It’s always been hard to accurately value the total worth of the entire games industry given the trade’s mix of large private and public companies.
But canny investment banker Paul Heydon of independent banking firm Avista Partners offered a glimpse into the total value of the market – and where all that money is going – in a stat-packed talk at Edinburgh Interactive this week.
In fact one key factoid in his talk on disruption in games investment was that the total market cap of all public games companies globally had exceeded $100bn – to $105bn to be precise.
The chart below sums up Heydon’s findings.
It shows the $105bn broken down as follows:
Nintendo – $34,959m
Other PC/Console (w/out Nintendo) – $33,223m
Online – $23,457m
Mobile – $8,257m
Retail – $3,110m
Payment Services – $1,368m
Distribution/Accessories – $311m
Outsourcing – $255m
While the figures don’t include independent developers and small private publishers – they are companies which are arguably in a significant minority when you compare their accounts to the numbers in the chart above – this offers real insight into the market’s dynamics, especially when consolidation is such a massive M&A force in games at the moment.
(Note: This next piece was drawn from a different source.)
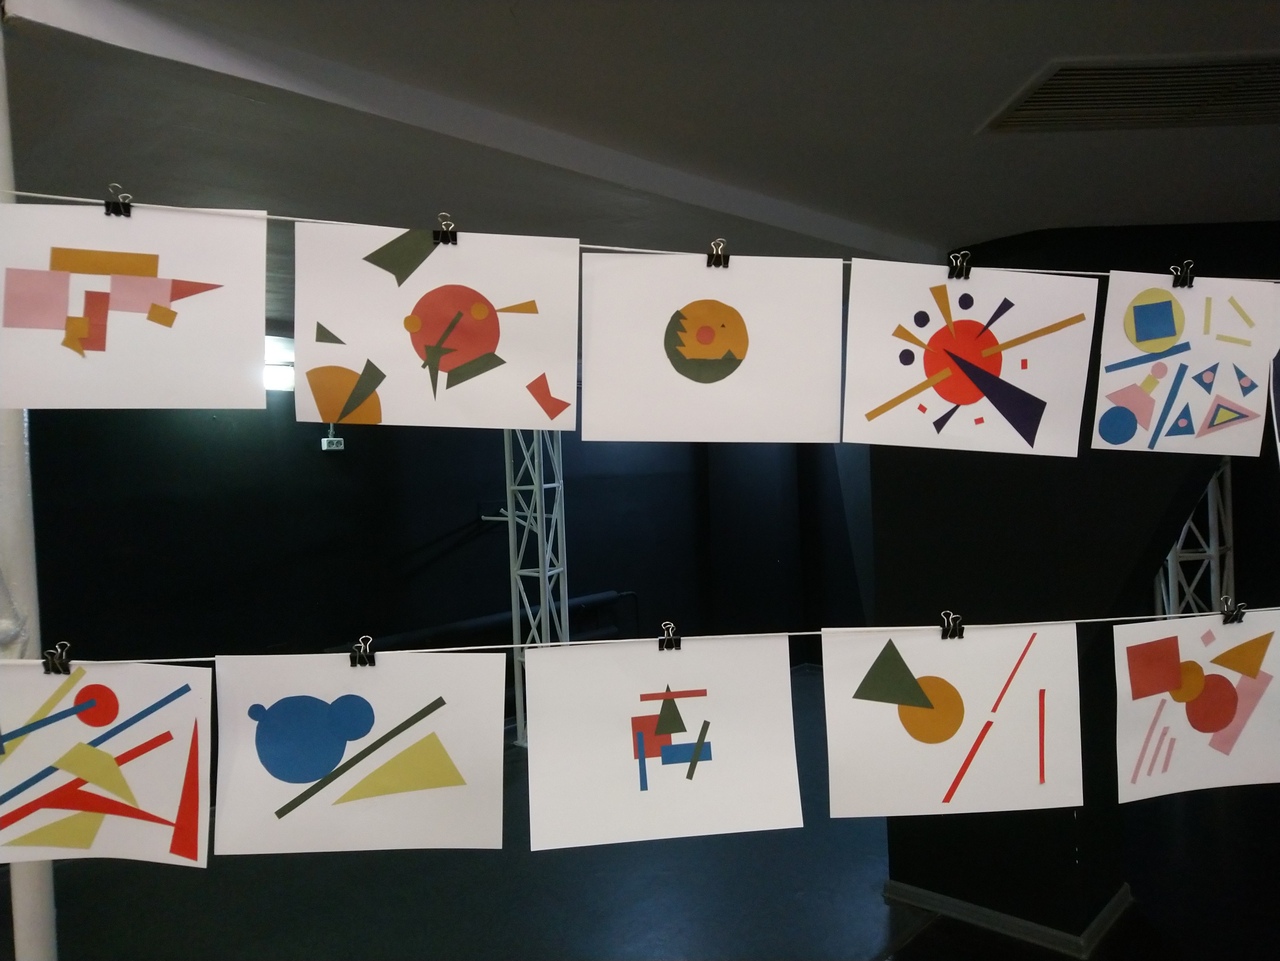 Ивановские школьники создают мультфильм, который покажут на закрытии «Зеркала» (ФОТО)

Heydon pointed out that online games – which includes MMO and social/casual games – was now worth around 71% of the non-Nintendo PC/Console area.
He also said that mobile may seem small, but will keep growing, and also eat into the larger shares taken by the Nintendo and non-Nintendo segments. Same goes for Payment Services, which will grow and benefit in line with the rise of online and mobile.
Worst news was for retail and distribution, which Heydon insinuated was stagnating. He later pointed out that investor expectations for the retail sector had devalued by 64%.